Xia Ran se apoyó en el cabecero de la cama y frunció el ceño inmediatamente al ver a Gu Zheng.

En un principio, quería decirle a Gu Zheng que se marchara, pero al recordar cómo Gu Zheng lo había salvado el día anterior, no pudo decir nada.

Al ver que Xia Ran no hablaba, Da Zhuang tampoco supo qué decir, así que solo pudo permanecer sentado en silencio en la habitación.

Gu Zheng sintió un gran alivio, como si le hubieran quitado un gran peso de encima, después de que Xia Ran no lo echara.

"Compré gachas de mijo. Acabo de terminar los trámites de alta. Después de comer, podemos volver."

Gu Zheng sacó las gachas de mijo y se las ofreció a Xia Ran, pero Xia Ran no las aceptó.

"Gracias, no tengo hambre. Te lo pagaré cuando vuelva."

Al oír esto, los ojos de Gu Zheng parpadearon ligeramente. "¿Cómo vas a volver si no comes? No querrás que el abuelo y los niños se preocupen por ti cuando regreses, ¿verdad?"

"No te preocupes, no hice todo esto esperando nada a cambio. Lo que dije antes sigue vigente. En cuanto te recuperes, me iré con el niño."

Xia Ran dudó después de escuchar esto.

De hecho, al principio temía bastante que Gu Zheng utilizara este asunto para amenazarlo y obligarlo a hacer algo.

Gu Zheng notó la vacilación de Xia Ran, sonrió con ironía para sí mismo, pero mantuvo una expresión impasible en su rostro. Colocó el tazón de gachas de mijo en las manos de Xia Ran y dijo:

"Si quieres irte a casa antes, termina de comer rápido."

Xia Ran frunció los labios, pero finalmente tomó el tazón y comenzó a comer.

Gu Zheng se sentó junto a ellos y comió con ellos, permaneciendo ambos en silencio.

Los ojos de Da Zhuang se abrieron de par en par con sorpresa al verlos a los dos.

Entonces, ¿qué hace sentado aquí?

De regreso, un conductor los llevó.
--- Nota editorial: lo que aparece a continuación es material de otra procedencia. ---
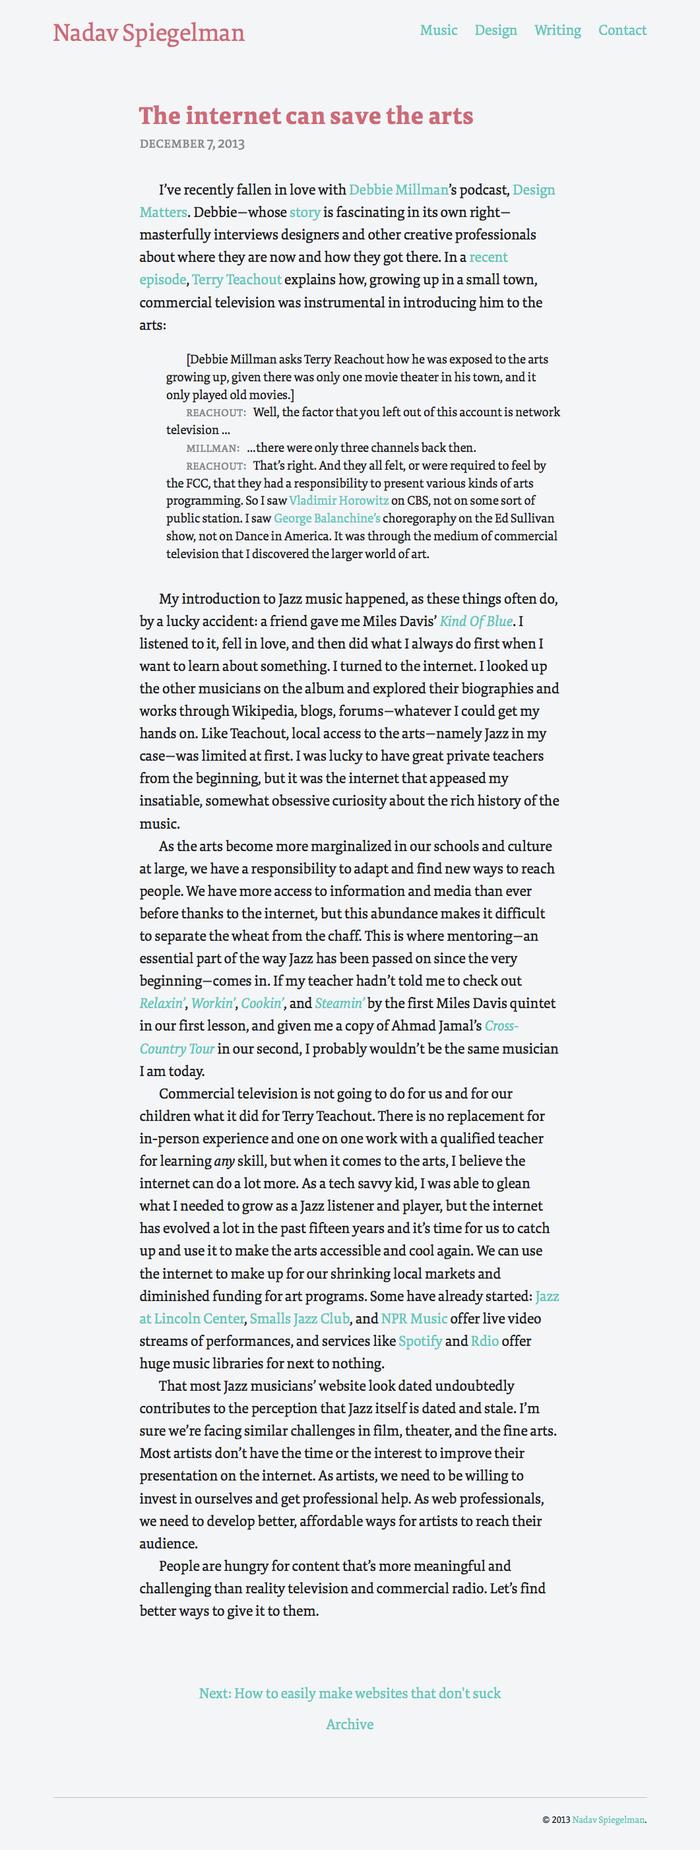 Nadav Spiegelman personal site 3

Gu Zheng se sentó en el asiento del copiloto, mientras que Xia Ran y Da Zhuang se sentaron en la parte de atrás.

Cuando iban a mitad de camino, Xia Ran no pudo evitar hacer una pregunta.

"¿Dónde está Yu Chao? ¿Dónde está ahora?"

La persona a la que preguntó fue, por supuesto, Gu Zheng, porque Da Zhuang tampoco sabía dónde estaba Yu Chao.

Al oír la pregunta de Xia Ran a Yu Chao, Gu Zheng se giró inmediatamente para mirar a Xia Ran, y su tono se volvió frío.

"¿Sigues pensando en él? ¿Sigues preocupada por él?"

—No, no lo hice —dijo Xia Ran inconscientemente—. Solo quiero saber dónde está ahora. Al fin y al cabo, algo le debe estar pasando. Necesito tomar medidas para evitar que vuelva a verme.

La expresión de Gu Zheng se suavizó ligeramente. "No te preocupes, no le daré otra oportunidad para que venga a buscarte".

Capítulo 266 Comprensión

Xia Ran no se tranquilizó después de escuchar las palabras de Gu Zheng. En cambio, frunció el ceño y preguntó con cierta emoción:

¿Qué pretendes hacer? Gu Zheng, no debes hacer ninguna imprudencia. Lo que hizo debe ser investigado por la policía. No cometas ningún acto ilegal.

Si Gu Zheng realmente hizo algo ilegal por su culpa...

Gu Zheng: "No te preocupes, solo estoy haciendo que reciba el castigo que se merece. No haré nada más. Valoro mi vida."